__Records to use__.
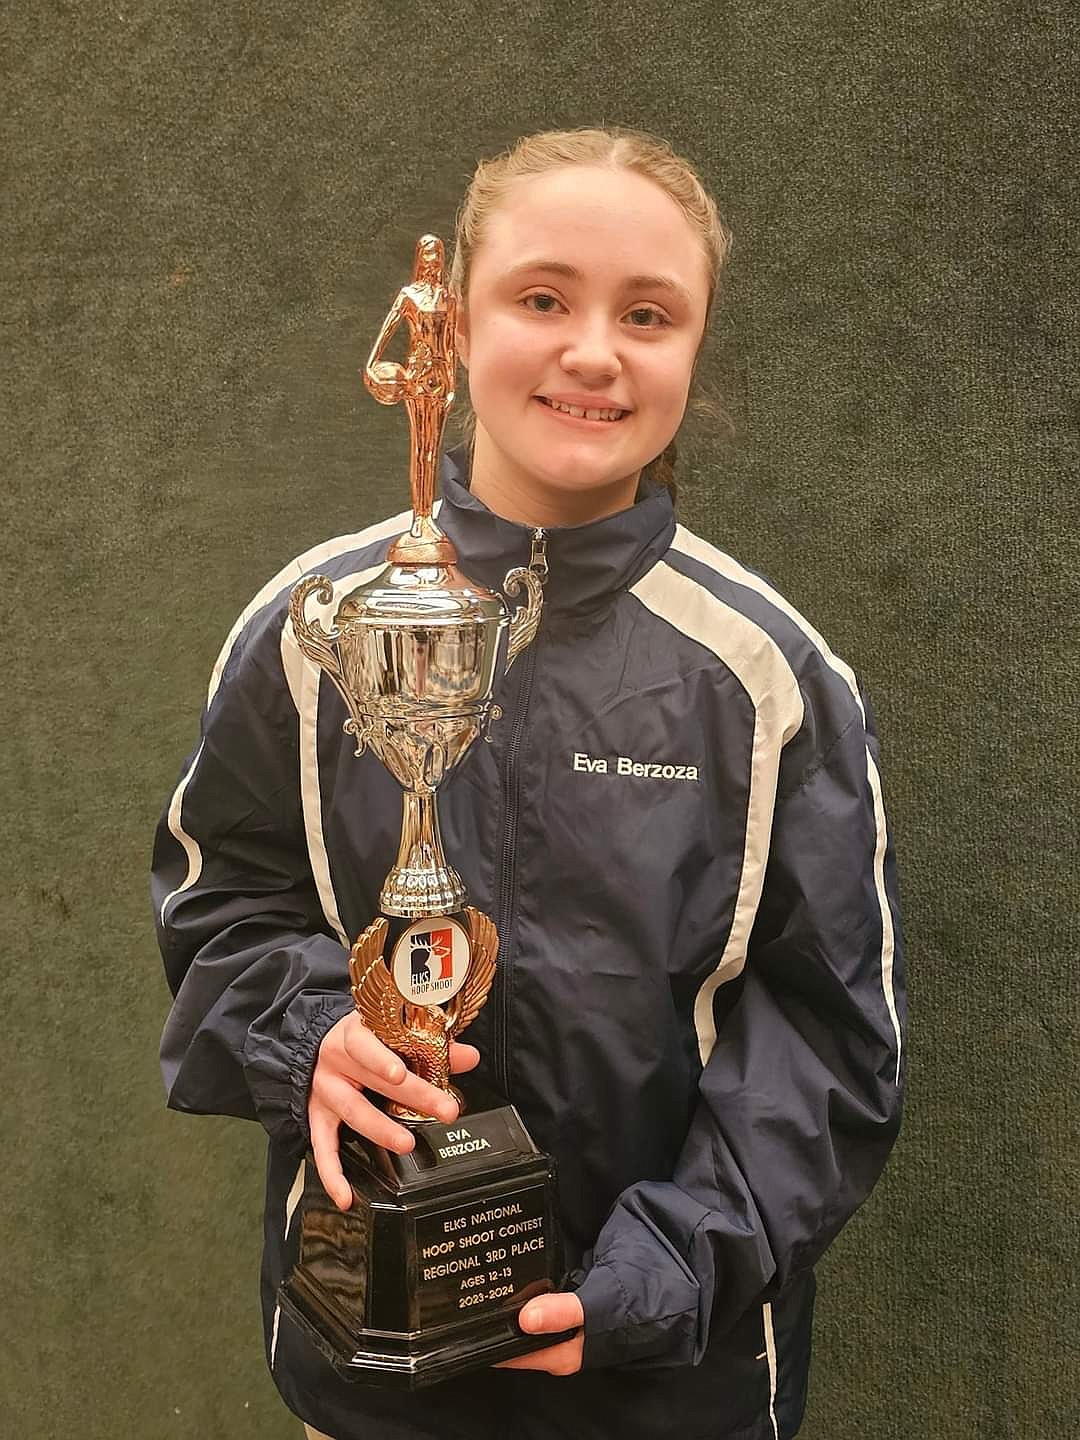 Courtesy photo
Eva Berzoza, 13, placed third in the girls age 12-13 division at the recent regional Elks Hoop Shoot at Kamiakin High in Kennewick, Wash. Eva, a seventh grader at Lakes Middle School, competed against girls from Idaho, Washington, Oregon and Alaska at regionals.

...

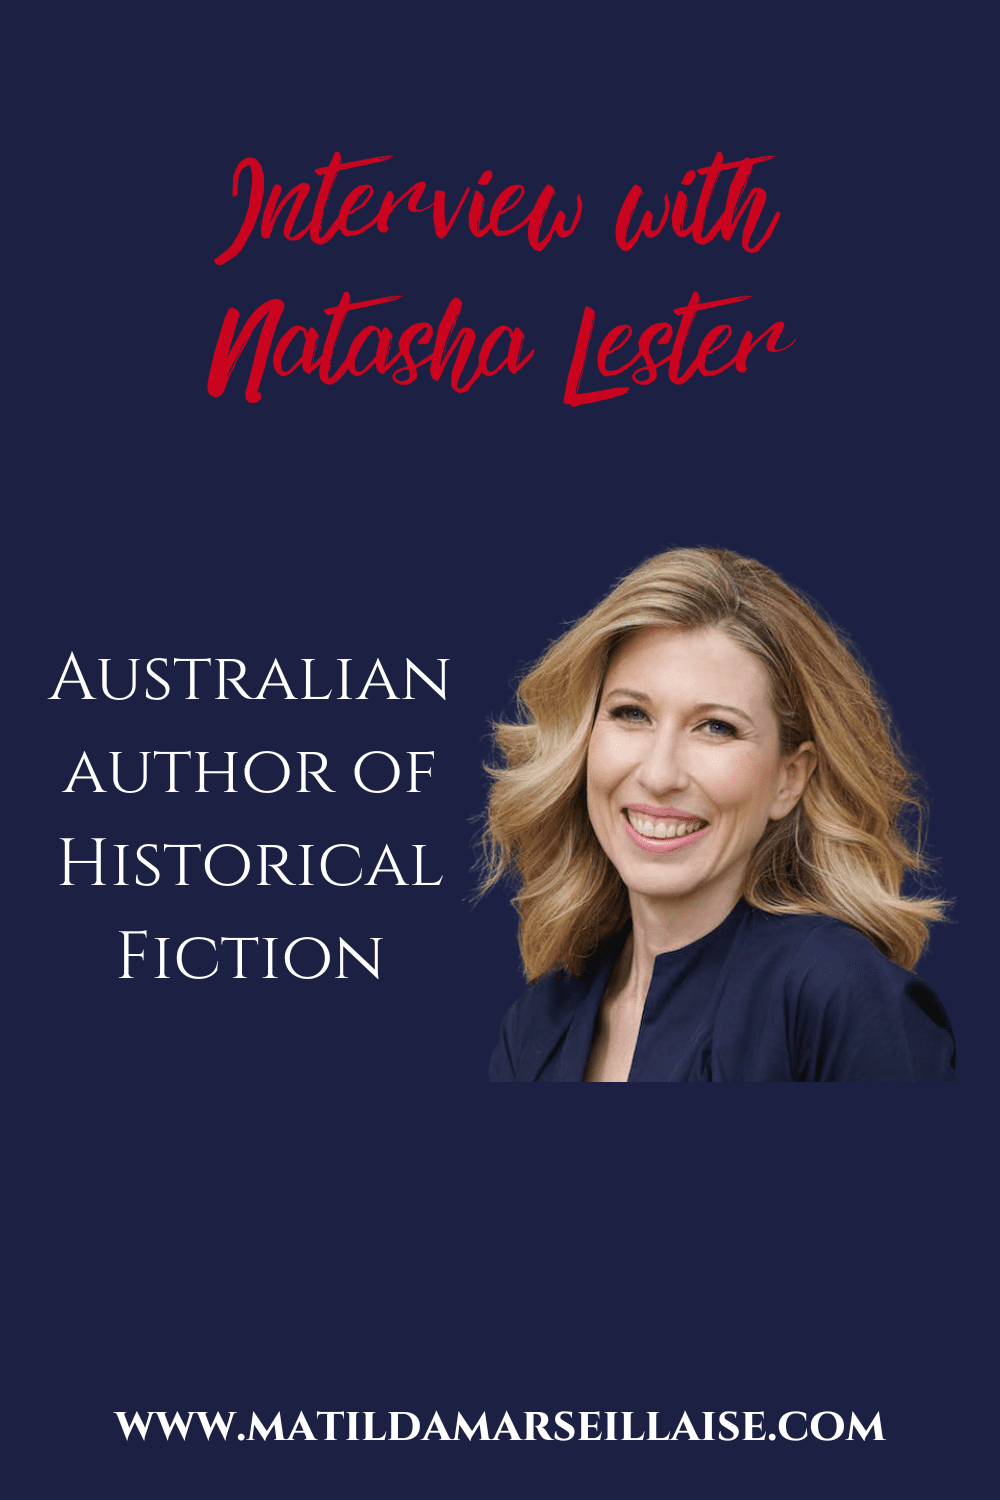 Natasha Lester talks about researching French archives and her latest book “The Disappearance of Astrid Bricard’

__How to complete this task__.
Reproduce exactly the lines above starting at the line containing "Courtesy photo" and ending at the line containing "Eva Berzoza, 13, placed", including both, but not the pictures.

__Task result__.
 Courtesy photo
Eva Berzoza, 13, placed third in the girls age 12-13 division at the recent regional Elks Hoop Shoot at Kamiakin High in Kennewick, Wash. Eva, a seventh grader at Lakes Middle School, competed against girls from Idaho, Washington, Oregon and Alaska at regionals.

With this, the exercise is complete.